Como é lógico, seu pedido não foi repassado para o Intendente.

Faltando uma hora a findar-se a noite e começo da madrugada do dia 18 para o dia 19, em frente a Cadeia Pública de Mossoró, um preso dorme profundamente quando, dois carros com vários policiais estacionam bem em frente ao prédio.

Sem delongas o preso é bruscamente acordado e escuta do policial que o acordou, que iriam para a capital do Estado.

Nesse momento, mais dois policias agarram o prisioneiro e, suspendendo-o o arrastam para fora do prédio. Naquele alvoroço todo, o preso refere que estar com os pés descalços e que, na cela, estão as suas alpercatas, que alguém pegue, pois não queria chegar à Capital sem. Alguém, dentre a escolta, diz que, lá chegando, ele lhe presentearia com um par novo.

Nesse momento, experiente como era, José Leite de Santana, deve ter percebido que seu destino, de maneira alguma, seria viajar para cidade de Natal, capital do Rio Grande do Norte, mas, que faria outra “viagem”.

Segue o automóvel pelas ruas desertas e silenciosas da cidade, dentro dele um “condenado” sabedor de seu destino.
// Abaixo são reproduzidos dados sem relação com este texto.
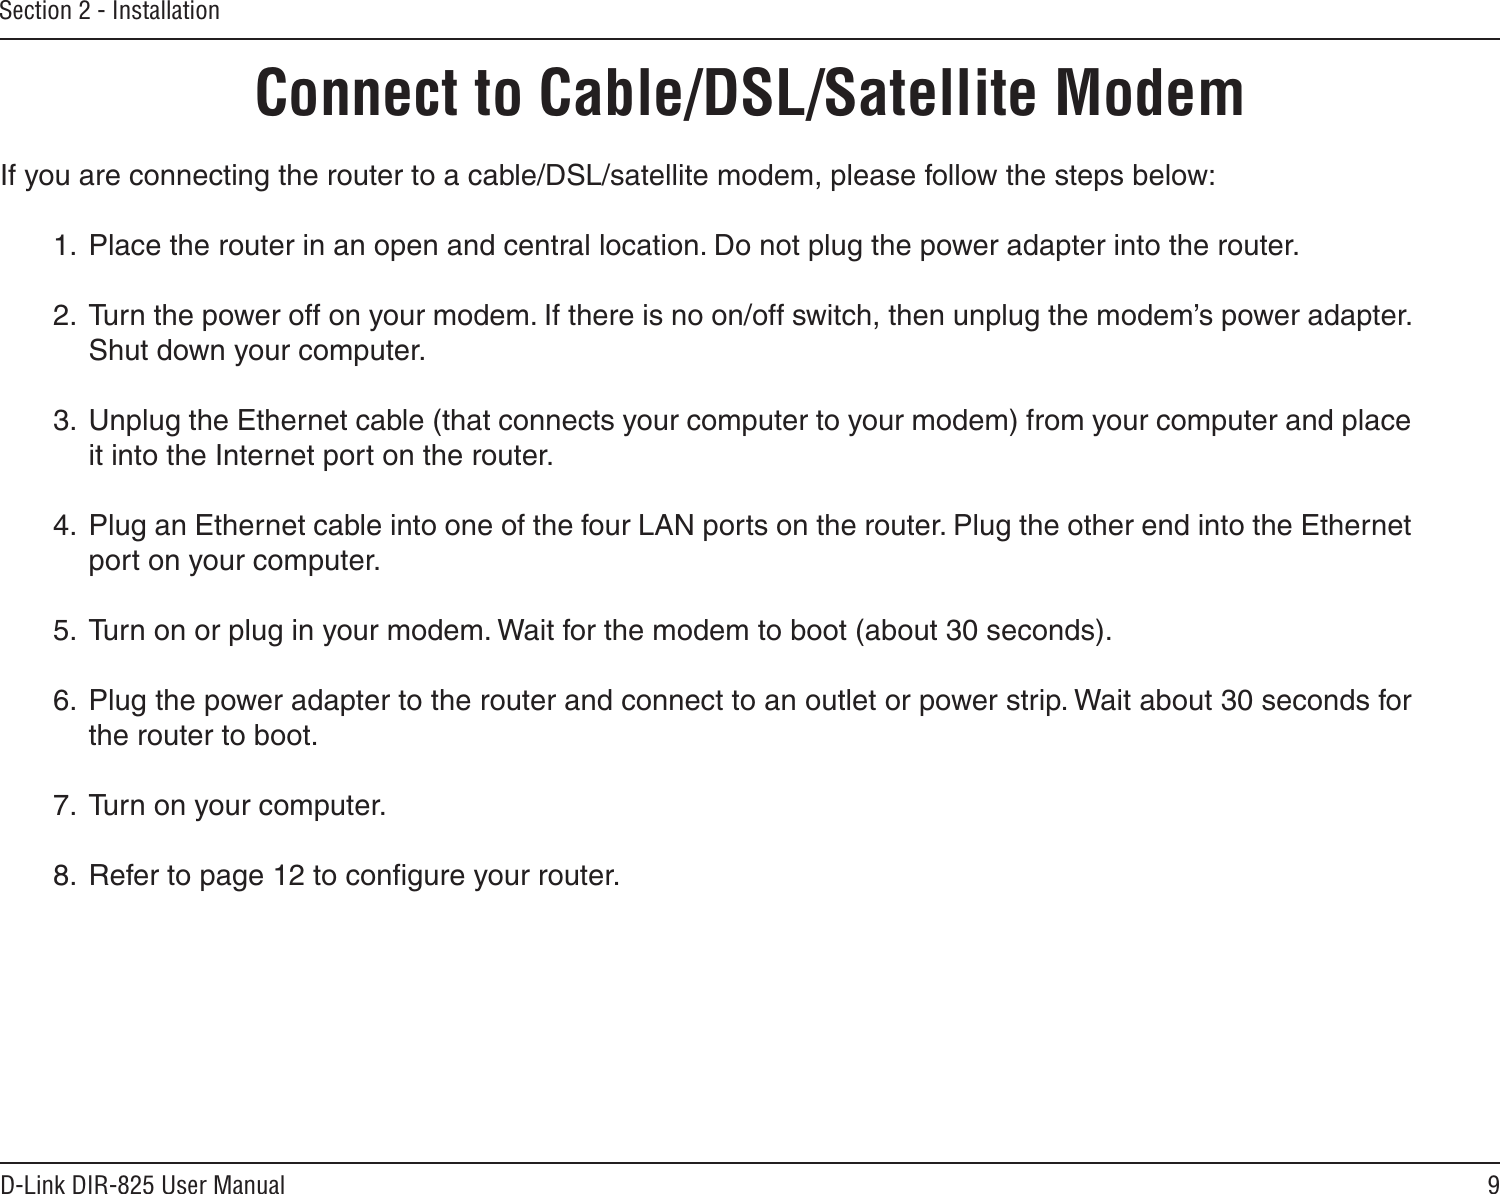 9D-Link DIR-825 User ManualSection 2 - InstallationIf you are connecting the router to a cable/DSL/satellite modem, please follow the steps below:1.  Place the router in an open and central location. Do not plug the power adapter into the router.2.  Turn the power off on your modem. If there is no on/off switch, then unplug the modem’s power adapter. Shut down your computer.3.  Unplug the Ethernet cable (that connects your computer to your modem) from your computer and place it into the Internet port on the router.4.  Plug an Ethernet cable into one of the four LAN ports on the router. Plug the other end into the Ethernet port on your computer.5.  Turn on or plug in your modem. Wait for the modem to boot (about 30 seconds).6.  Plug the power adapter to the router and connect to an outlet or power strip. Wait about 30 seconds for the router to boot.7.  Turn on your computer.8.  Refer to page 12 to conﬁgure your router.Connect to Cable/DSL/Satellite Modem

Rodaram, evitando os maiores logradouros e param diante daquele que seria, para sempre, o endereço do cangaceiro “Jararaca’, o Cemitério Público. 

Sua escolta era formada pelos “tenentes João Antunes, Laurentino de Morais e Abdon Nunes; mais os sargentos João Laurentino Soares, Pedro Silvio de Morais e Eugênio Rodrigues; mais os cabos Manoel e José Trajano; completando com os soldados João Arcanjo e Militão Paulo” (BRITO, 1996)

“(...) Homero Couto, o motorneiro, testemunhou ao escritor Raul Fernandes o início da execução:

O soldado do lado oposto, ( frise-se aqui, que ao descer um dos soldados puxar a perna ferida do preso, arrancando do mesmo um urro de dor), desferi-lhe  violenta coronhada de fuzil na cabeça, sem dar-lhe tempo ao mais leve gesto de defesa. Sucederam-se as pancadas. Tomavam proporções altíssimas, em meio ao silêncio da noite. Parecia que socavam terra. (FERNADES, 1985, P 2110)

Série de coronhadas caiu impiedosa sobre sua cabeça. Chegara a sua hora final. Encontrou ainda breve fio de voz para desabafar aos algozes:

_ vocês querem me matar, mas não vão me ver chorar de medo não! Nem pedir de mãos postas para não me tirar a vida! Vocês vão ver como é que morre um cangaceiro!* (Ob. Ct.)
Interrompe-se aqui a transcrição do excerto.